他似乎看不下去了,認命地嘆了口氣,咔擦兩聲,
沉重的玄鐵護腕墜地,又開始挽袖子,露出一截肌理緊實的小臂——像是要替阿望洗澡。
剛走沒兩步,嘩啦一陣水聲,阿望從岸上跳入池塘。
漸起的水霧將耶律堯澆了個滿身。
“阿望!!!”耶律堯聲音已含慍怒,“你再鬧試試?”
但阿望很明顯太久沒撒歡了,咬住耶律堯袖擺,想要把他往水里拖。
耶律堯冷笑一聲,干脆將上衣脫了,揪住阿望后頸,也不知是要洗狼還是揍狼。
宣榕微微一怔。
那具屬于青年男子的身體,腰背線條優美流暢,肌肉不夸張,但力氣似乎大到能將阿望單手提起。
按理來說,她應當非禮勿視。
但耶律堯背上那片紋理復雜的刺青,讓她一時沒有移開目光。
第16章 兵戈
不同于大齊以“黥字”為刑,北疆地處異域,成年男子確實有紋身習俗。他們會在身上紋刻家族圖騰,祈神圖案,求神明庇佑。
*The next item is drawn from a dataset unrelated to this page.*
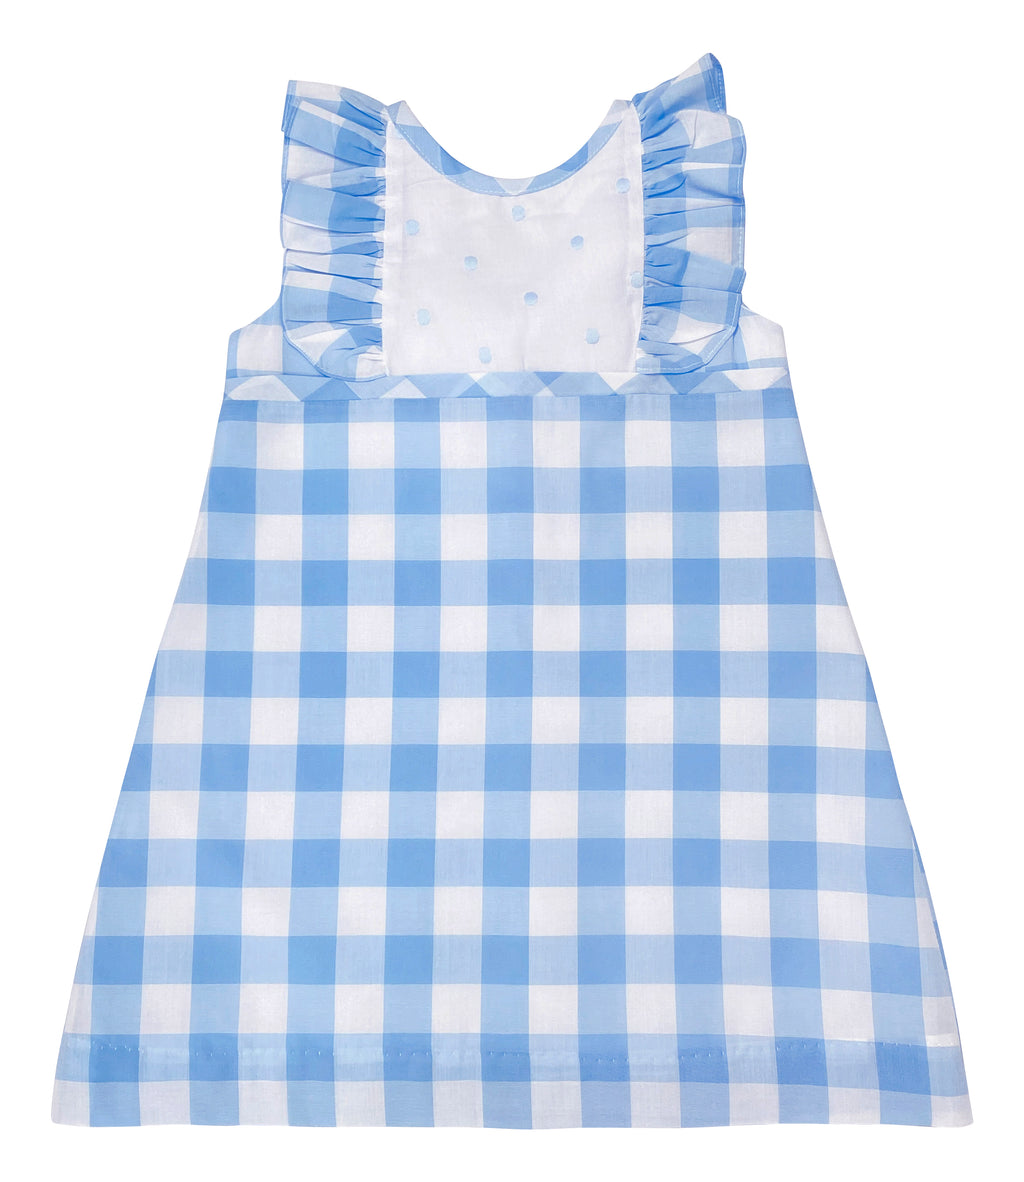 Blue checks and Dots A line girl's dress - Little Threads Inc. Children's Clothing

宣榕只是沒想到耶律堯身上也有,而且占據了他大半后背。
他微微側身,只能看到左側是一幅青灰雪狼圖。孤狼引頸長嘯,詭譎艷麗的枝蔓圖騰纏繞,既野又邪。刺青之下,像有殷紅灼然的色澤縱橫于皮膚,就好像刺青是為了遮住它們似的。
再往右側,也有圖案,但看不分明了。
被青年繃緊起伏的肩背肌理擋住。
宣榕看了一眼就收回目光,轉身要走。
可方才阿望撲騰作響,她輕手輕腳來,自然像是悄無聲息。
而現在阿望被耶律堯扼住后脖,還沒來得及給主人露出個討好的笑,一人一狼就被岸上樹林間,草木驚擾的腳步引去視線。
一截白紗裙角,徐步離去。
耶律堯:“……”
阿望試圖露出無辜的神色:“汪。”
然后被他主人面無表情扔進了河里。
*
這一趟行程瑣事極多,宣榕沒把刺青放在心上。
當晚,她收到望都回信。是父母寄來的,回的是她在瓜州曹孟案后,寫的一封家書。
信有三封。
第一封,一頁紙,父親簡明扼要批閱了她寫的《漕灌論》,指了幾點謬誤,又順手布置了一堆課業——是讓國子監學子都眼前一黑的繁重。
宣榕一聲不吭照單全收。
第二封,三頁紙,以圖配文,圖是父親畫的,字是母親寫的,生動描繪了公主府上近來狀況,包括但不限于金菊滿堂、貍奴生崽、堂兄成親,字里行間充滿誘惑——
家里這么好,趕緊回來!
宣榕邊看邊笑,忽然“咦”了句:“當真有用啊。”
昔詠在一旁奇道:“什么有用?”
宣榕便道:“大伯母不是一直憂心堂哥學業么,我讓她每晚念兩遍《地藏王菩薩經》,她說,經過一年誠心朗誦,堂哥學業大有長進。被夫子點名表揚。”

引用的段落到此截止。